3. Go to settings, General and then Reset, your device should prompt you to do a "Network Update", accept the update.
4. Go to settings Cellular, Cellular Data options and then select "Enable 4G". Select the "Voice & Data" option from the list.
5. You are now ready to make VoLTE calls, to check that it is working correctly make a call to another Vodacom user and ensure *that the 4G icon remains on the screen* during the call.


----------



## jonstatt (Mar 30, 2017)

VoLTE and WiFi calling has been there well before iOS 11

I think the only new thing here is contact images


----------



## ZephyR2 (Feb 20, 2013)

jonstatt said:


> VoLTE and WiFi calling has been there well before iOS 11
> 
> I think the only new thing here is contact images


+1


----------



## Toshiba (Jul 8, 2004)

ZephyR2 said:


> jonstatt said:
> 
> 
> > VoLTE and WiFi calling has been there well before iOS 11
> ...


Yep, iOS is so far behind now its a joke, plus it still looks like windows 3.11 of old.
I took the decision this year to not upgrade either hardware or software.


----------



## Venom7000 (Jul 23, 2017)

Toshiba said:


> ZephyR2 said:
> 
> 
> > jonstatt said:
> ...


I upgraded my iOS on my iPad to iOS11 to test it out. So far the iOS is much slower, has a lot of bugs. I had so many people complain both on 6s and 7 about Bluetooth connection drop. And as per usual Apple introduced new hidden settings that are turned on by default. Good luck spending 30min-1h trying to find and turn off all of them.
For example Safari---> Allow Websites to access your microphone and camera

I learned my lesson last year. I want at least 3 patches in before I upgrade to brand new iOS.

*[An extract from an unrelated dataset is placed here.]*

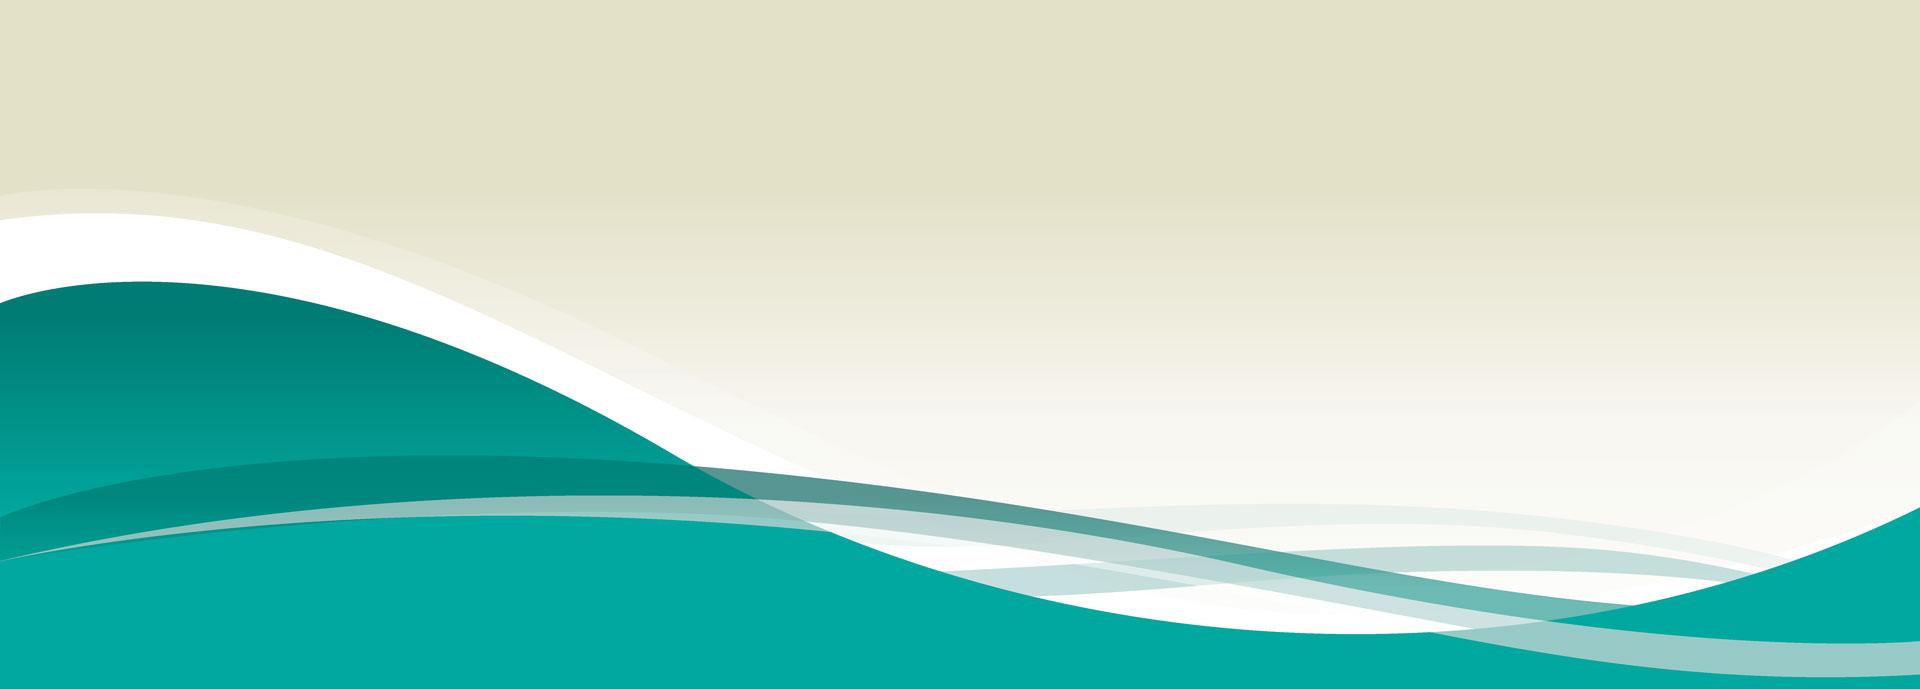 Slide-1-Background

I also find iOS11 very tricky to navigate to some of the basic functions in a hurry. (flashlight, bt off, airplane mode, brightness etc...) They force us now to use "force touch" more than ever


----------



## F1SpaceMonkey (Nov 21, 2015)

I have upgraded my iPhone 5S and can conform remote SIM over bluetooth snd Contact pics work! for me the phone seems as fast or even faster. Worth the update this time around.


----------



## Matt-GSY (Aug 17, 2017)

F1SpaceMonkey said:


> I have upgraded my iPhone 5S and can conform remote SIM over bluetooth snd Contact pics work! for me the phone seems as fast or even faster. Worth the update this time around.

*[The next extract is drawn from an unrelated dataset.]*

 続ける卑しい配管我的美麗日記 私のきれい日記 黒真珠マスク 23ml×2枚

Remote sim over Bluetooth is called rSAP and is not supported by iOS and never will be. The only way to get MMI to use iPhone data is by using iOS hotspot. New versions of MMI actually prompt you to do this when connecting the iPhone as primary phone. With iOS 11 hotspot can fortunately be activated from the control centre by using force click on the connection panel and then selecting Hotspot. It's a manual procedure though but once you get used to it then it's no problem. Once your primary phone is connected by Hotspot and Bluetooth then pretty much all functions of MMI are connected and working.


----------



## F1SpaceMonkey (Nov 21, 2015)

Matt-GSY said:


> F1SpaceMonkey said:
> 
> 
> > I have upgraded my iPhone 5S and can conform remote SIM over bluetooth snd Contact pics work! for me the phone seems as fast or even faster. Worth the update this time around.
> ...


It didn't work previously until the iOS update, yes i had to enable the wifi hotspot but it had to be connected via the cable. Now it works over bluetooth is what i was trying to say. No cable needed. Apologies for the tech speal or lack of, in summary after updating to iOS 11 contact pics appear and wifi hot spot works over bluetooth so i can use phone data for Google maps and Audi connect features where previously the phone had to be connected via the USB cable.


----------



## Benlepunk (May 25, 2009)

I'll give it a shot over bluetooth, I previously coded the MMI to connect with Wifi...
Good new is now the "DATA tethering" option in iOS11 is easier to access without unlocking the phone and going to the menu.
Just slide right and activate it, that's enough for the car to connect to it !!


----------